Папа сказал, что в студии обнаружили тело изуродованного ребёнка. Папа объяснил, что там снимались реалистические порнофильмы с жестоким изнасилованием детей. Я даже взмок.

Если бы я не переселился в это тело и не стал заниматься борьбой, что было бы с Сашей и Толиком?

Страшно подумать!

В школе, придя на тренировку, я узнал от дяди Коли, что Толика перевели из реанимации в палату интенсивной терапии, и что его можно навестить.

Мне всё равно ещё нельзя было бороться, так что я отправился в больницу.
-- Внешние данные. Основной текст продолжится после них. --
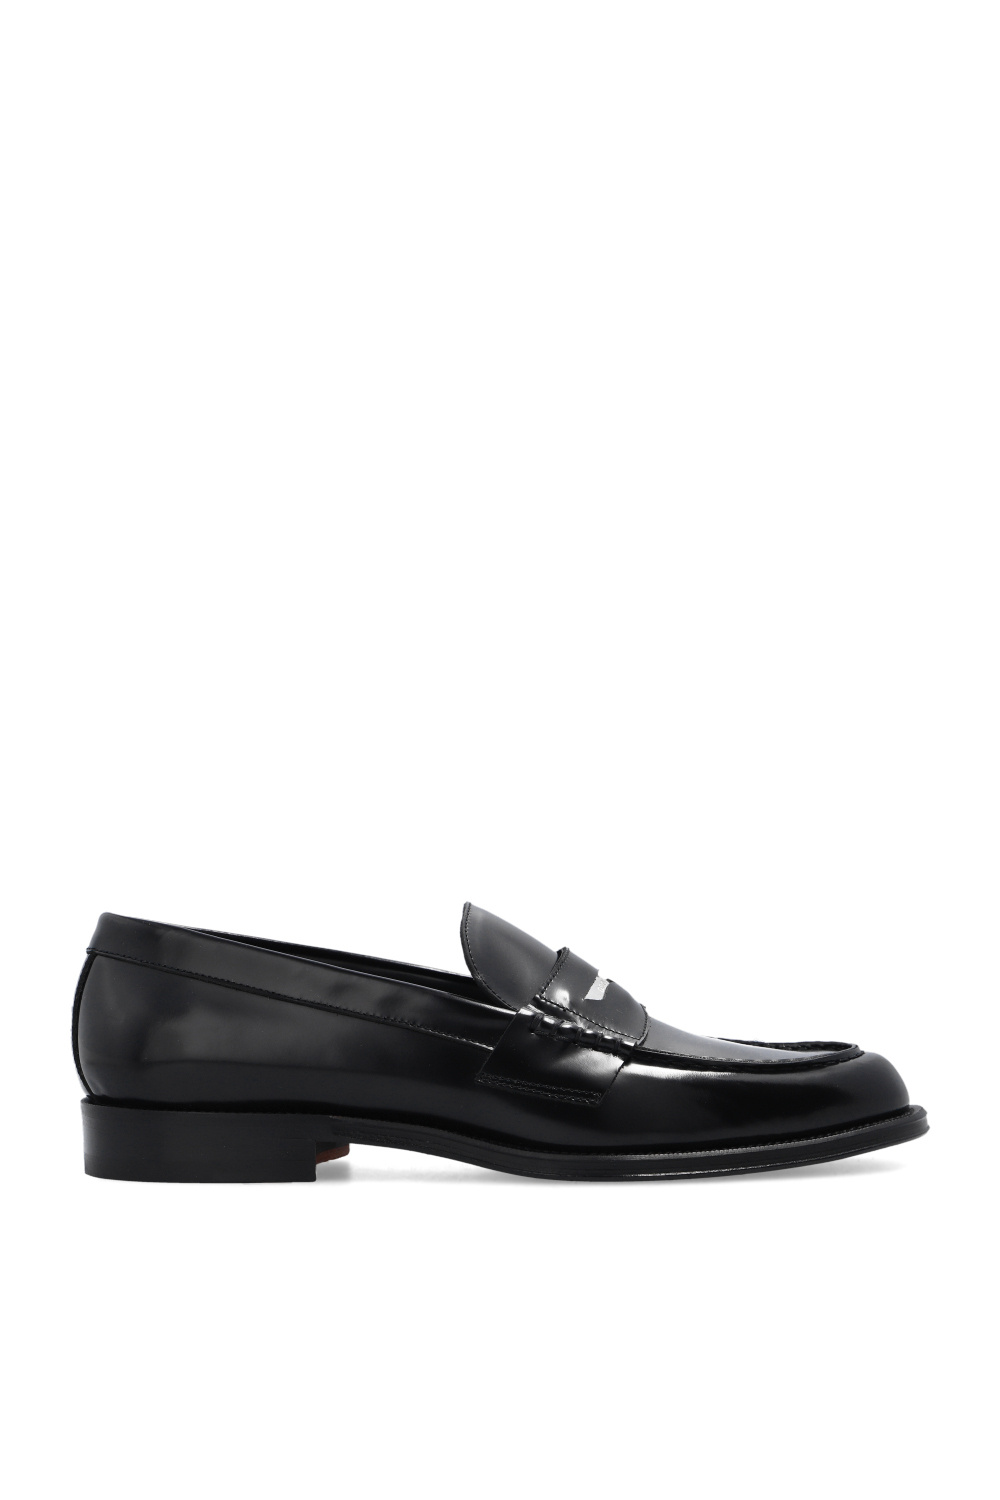 Dsquared2 Leather loafers | Men's Shoes | Vitkac

Надо сказать, я пытался поправить свои жизненные потоки. Почему-то себя лечить было очень трудно. Для этого надо было другое знание. Плохо себя видно, неправильно. Осмотрел свою половую систему. Никакой патологии, всё развивается нормально. Но только развивается, ещё не готова…

Надо, надо сходить к Старой Любезной Мариям. Вот помогу Толику, и схожу. Посмотрим вместе. Кстати, надо бы покушать, а то упаду там в обморок, вот смеху будет!

Развернулся и пошёл домой. Дома была мама, она же в декретном отпуске.

Сегодня был борщ с говядиной. Как я соскучился! Навернув тарелку борща, запил компотом.

Осторожно подумал о Саше, старательно обходя сцену прощания. Душу саднило, кровь сочилась. Больно. Я зашипел сквозь зубы.

— Что, Сашенька?

— Больно, мама.

— Посмотришь ещё меня?

— Садись рядом.

Я положил руки ей на живот и углубился в осмотр.

Вроде всё к лучшему, только надо подправить потоки Силы, распутать вот этот клубок, освободить пуповинки. Осмотрел родовые пути. Странно.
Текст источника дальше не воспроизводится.